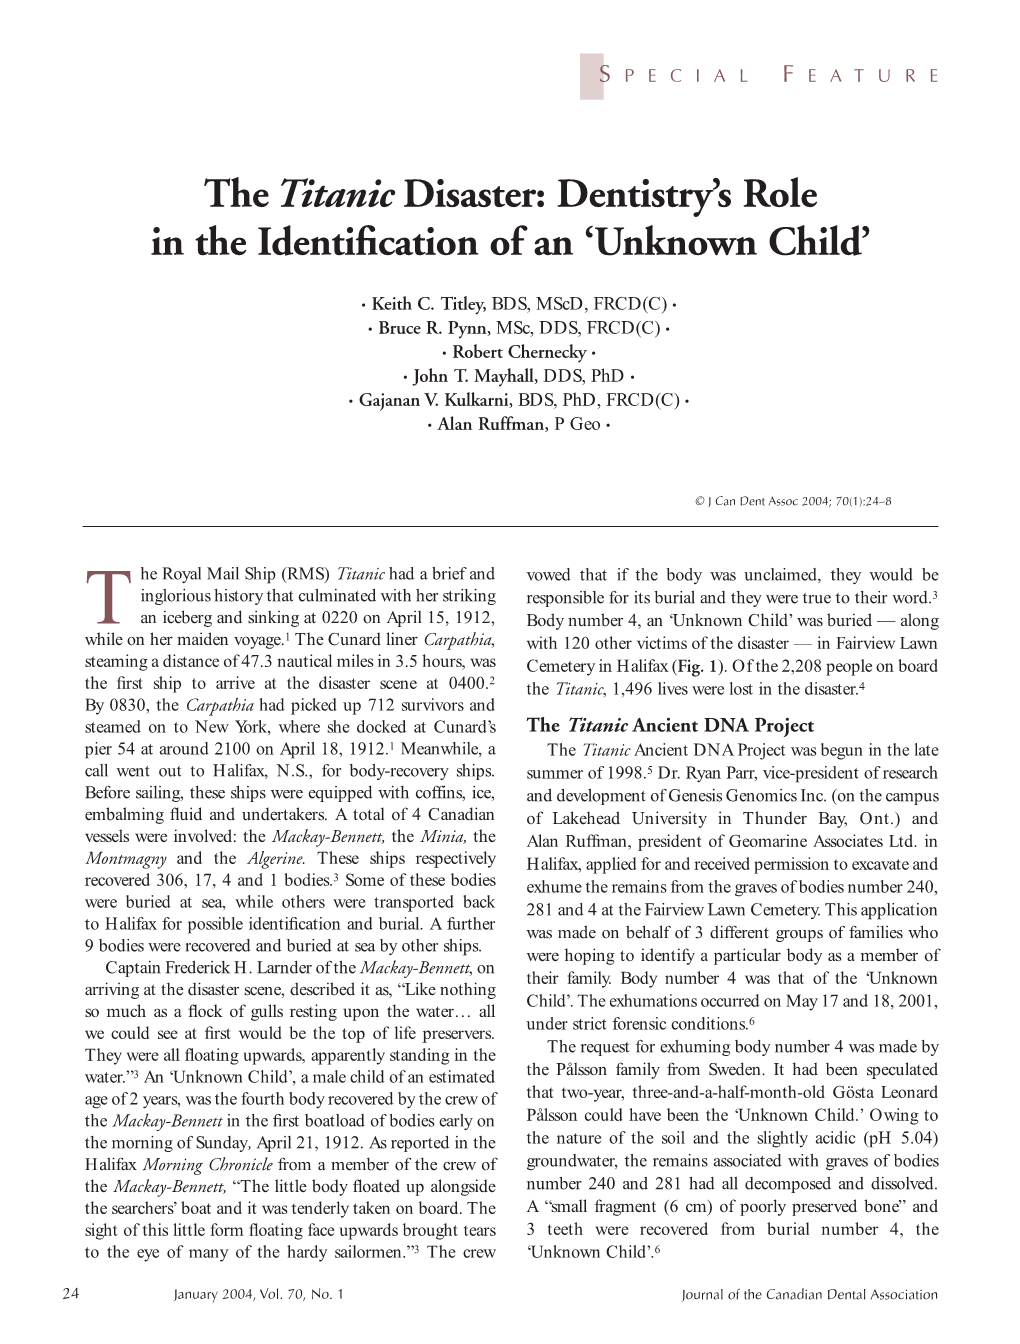 Thetitanic Disaster: Dentistry's Role in the Identification of an 'Unknown
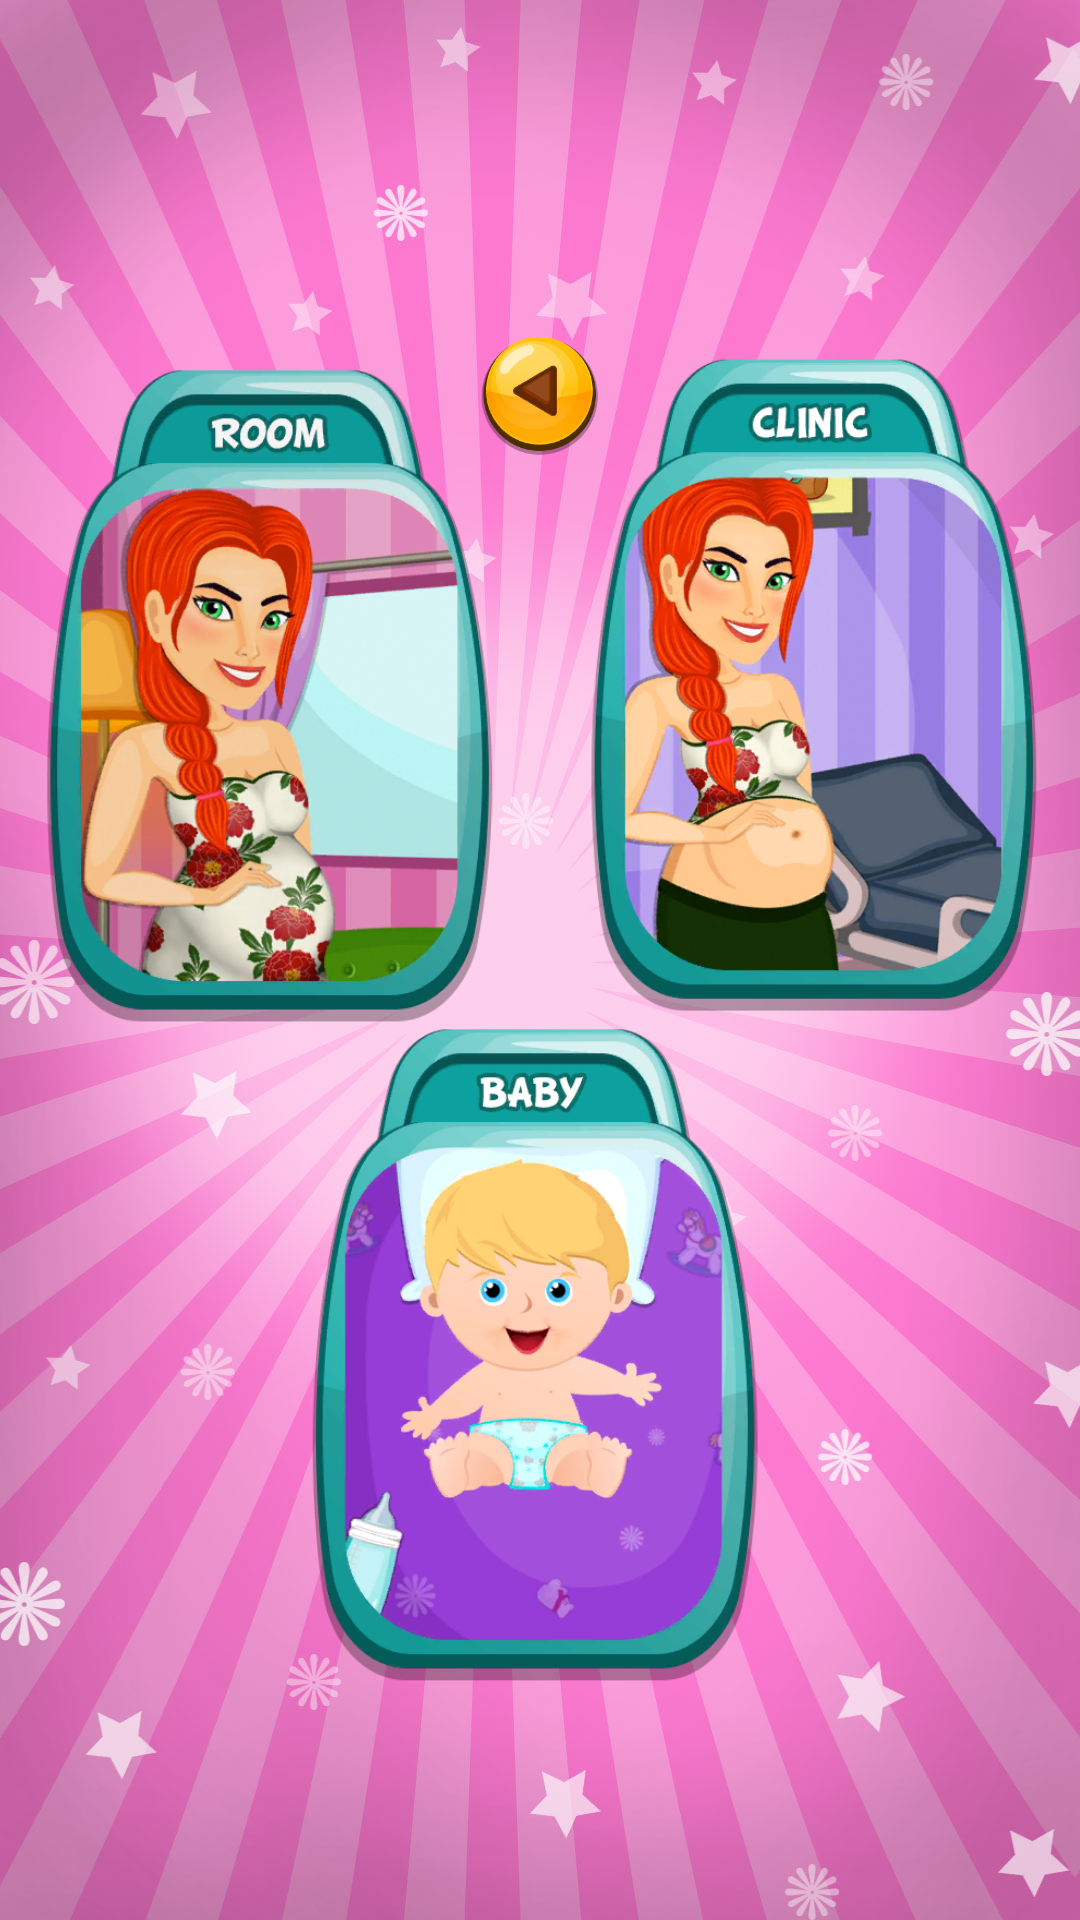 Free My New Baby Born and baby care games APK Download For Android
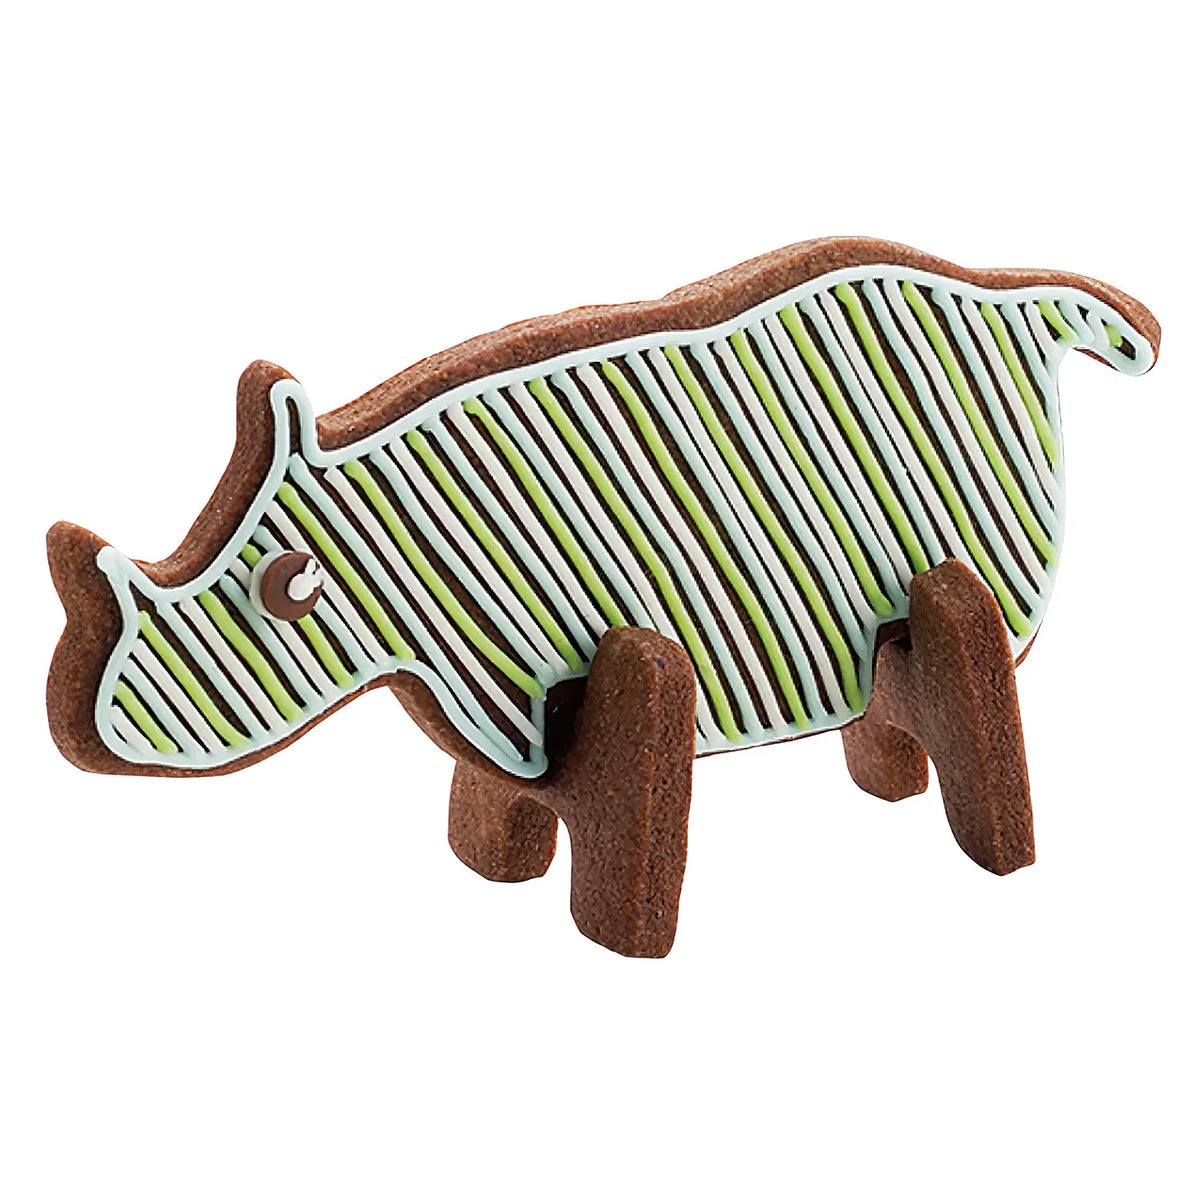 TIGERCROWN Cake Land Stainless Steel Cookie Cutter 3D Rhinoceros
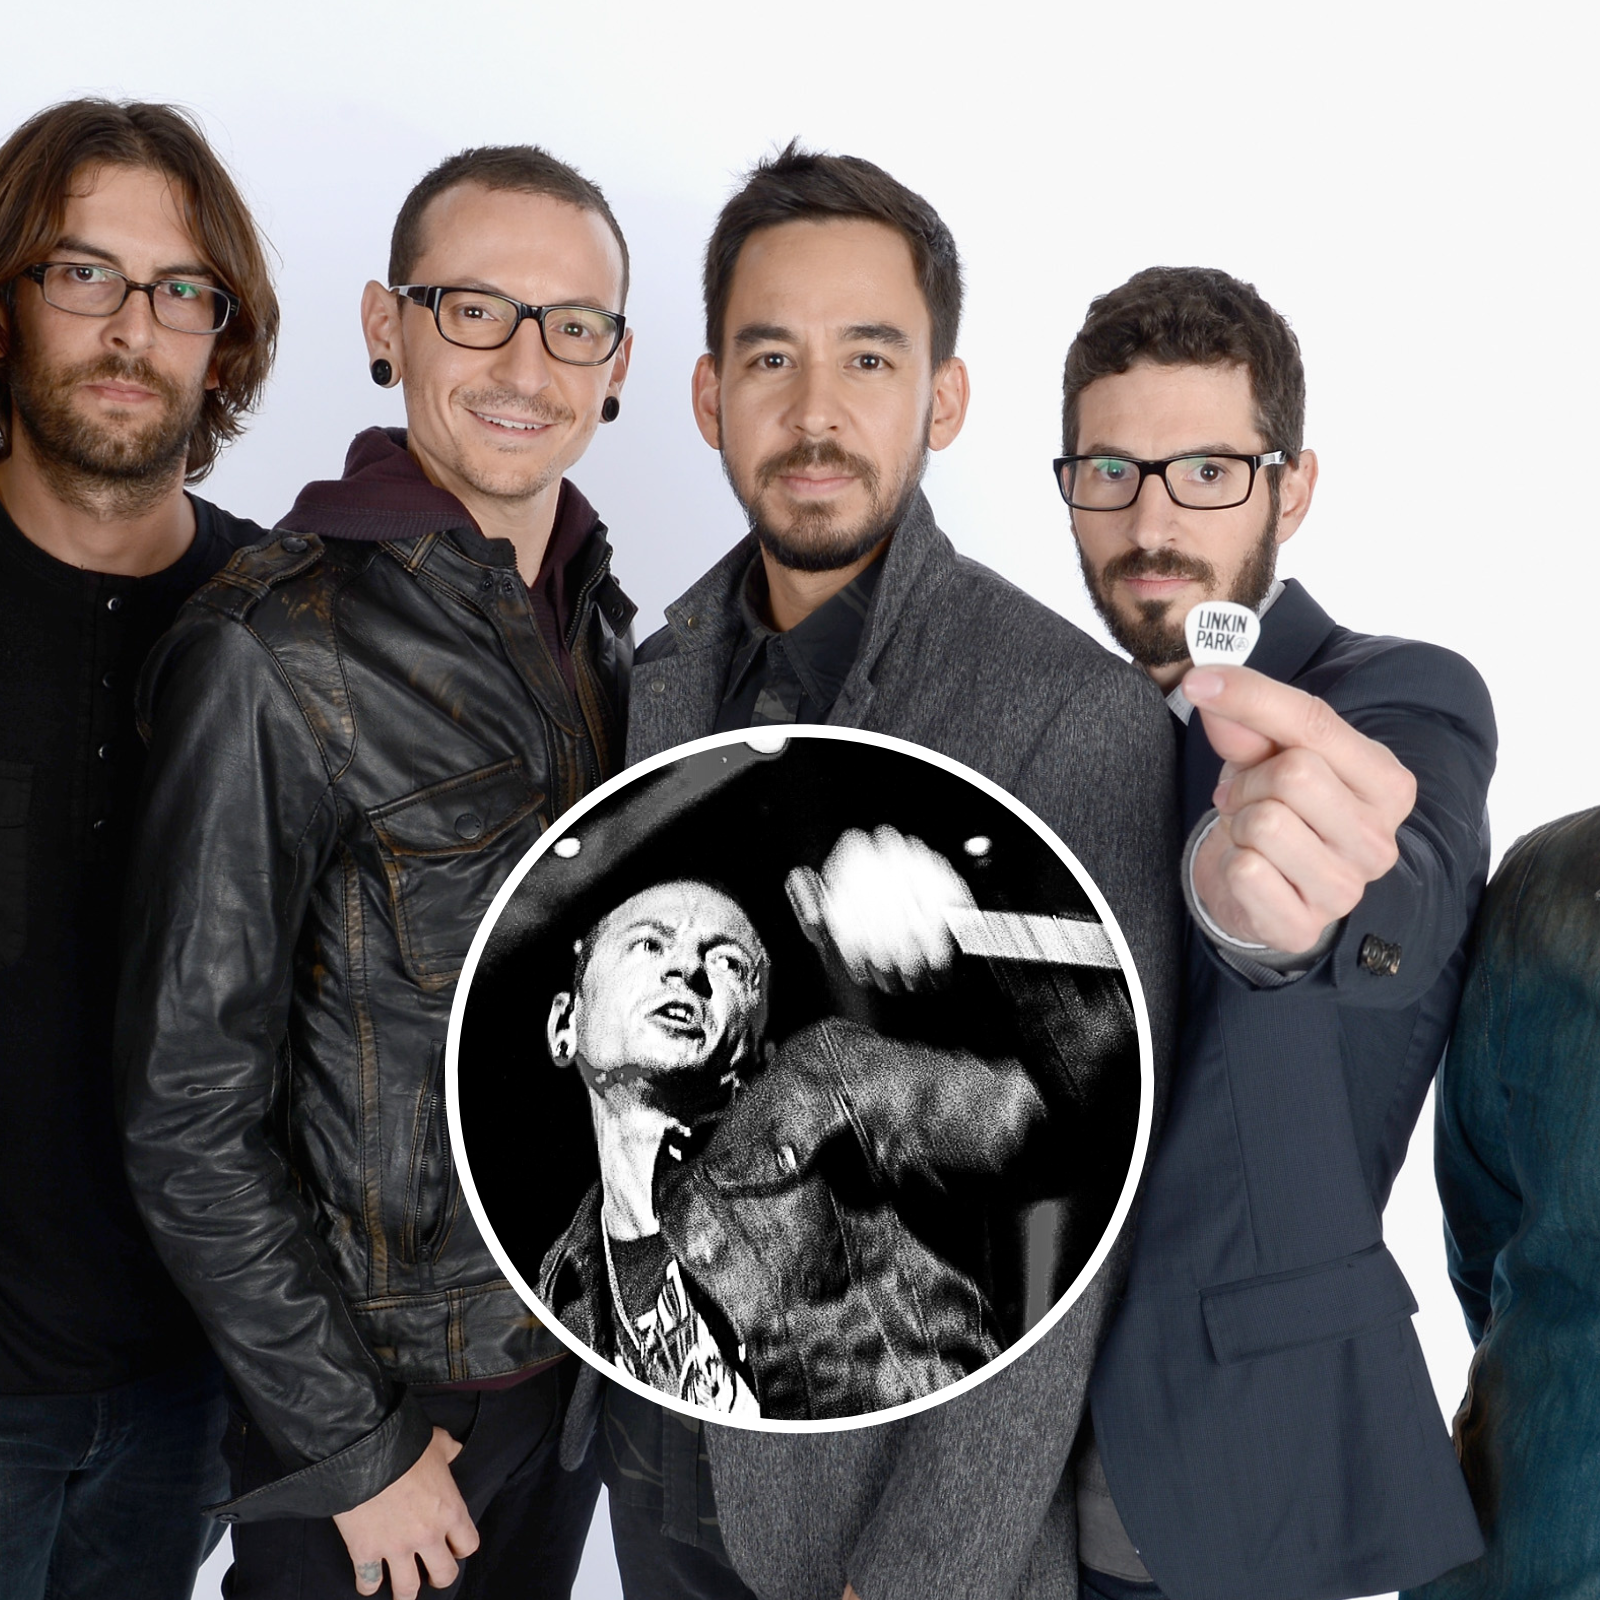 Linkin Park Release New Song 'Lost': What To Know About 'Meteora' Track
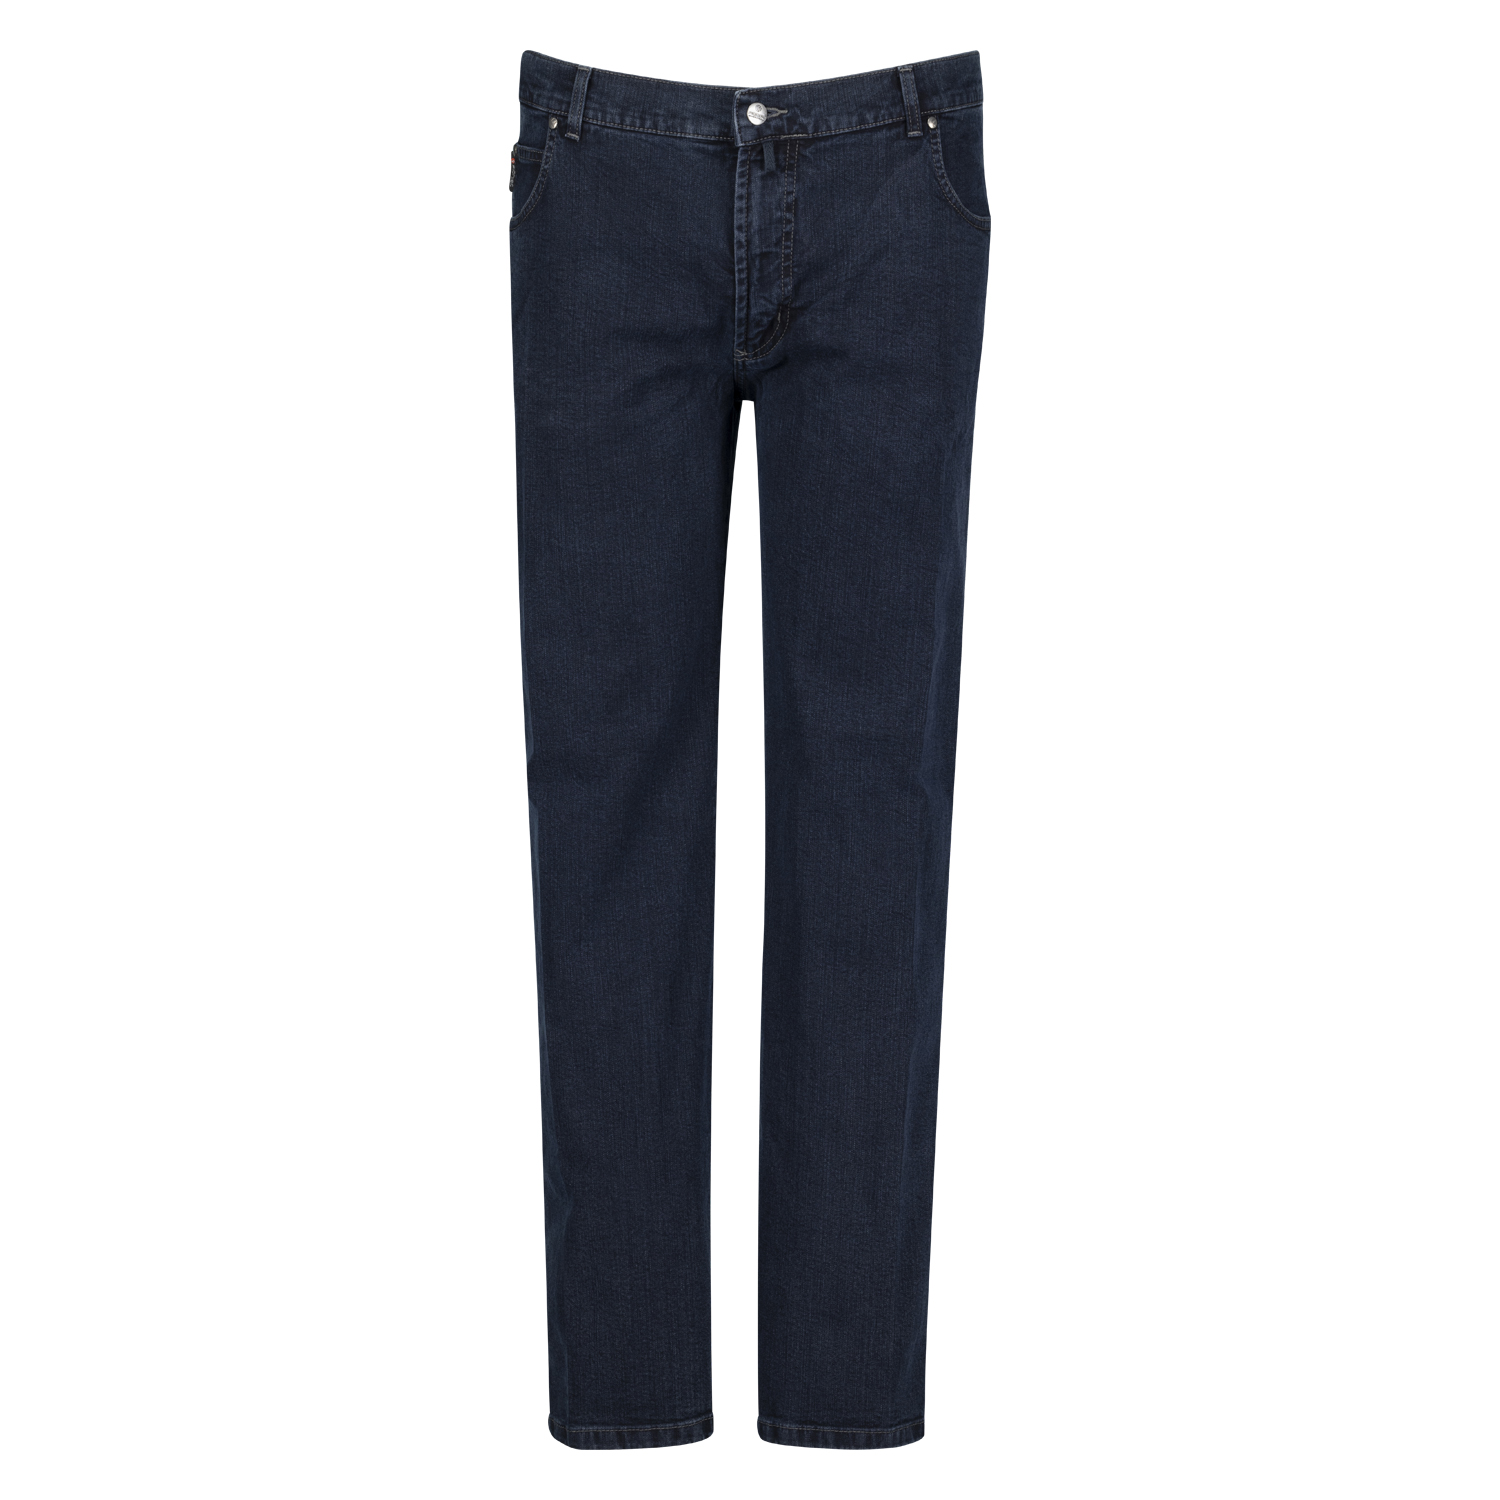 5-Pocket Jeans homme avec stretch "Peter" dark blue stonewash by Pioneer grandes tailles (Taille basse): 28 - 40

• [Requirement]: Could you repeat each line above exactly as written? Omit the pictures.

• [Result of this exercise]:
 Thetitanic Disaster: Dentistry's Role in the Identification of an 'Unknown
 Free My New Baby Born and baby care games APK Download For Android
 TIGERCROWN Cake Land Stainless Steel Cookie Cutter 3D Rhinoceros
 Linkin Park Release New Song 'Lost': What To Know About 'Meteora' Track
 5-Pocket Jeans homme avec stretch "Peter" dark blue stonewash by Pioneer grandes tailles (Taille basse): 28 - 40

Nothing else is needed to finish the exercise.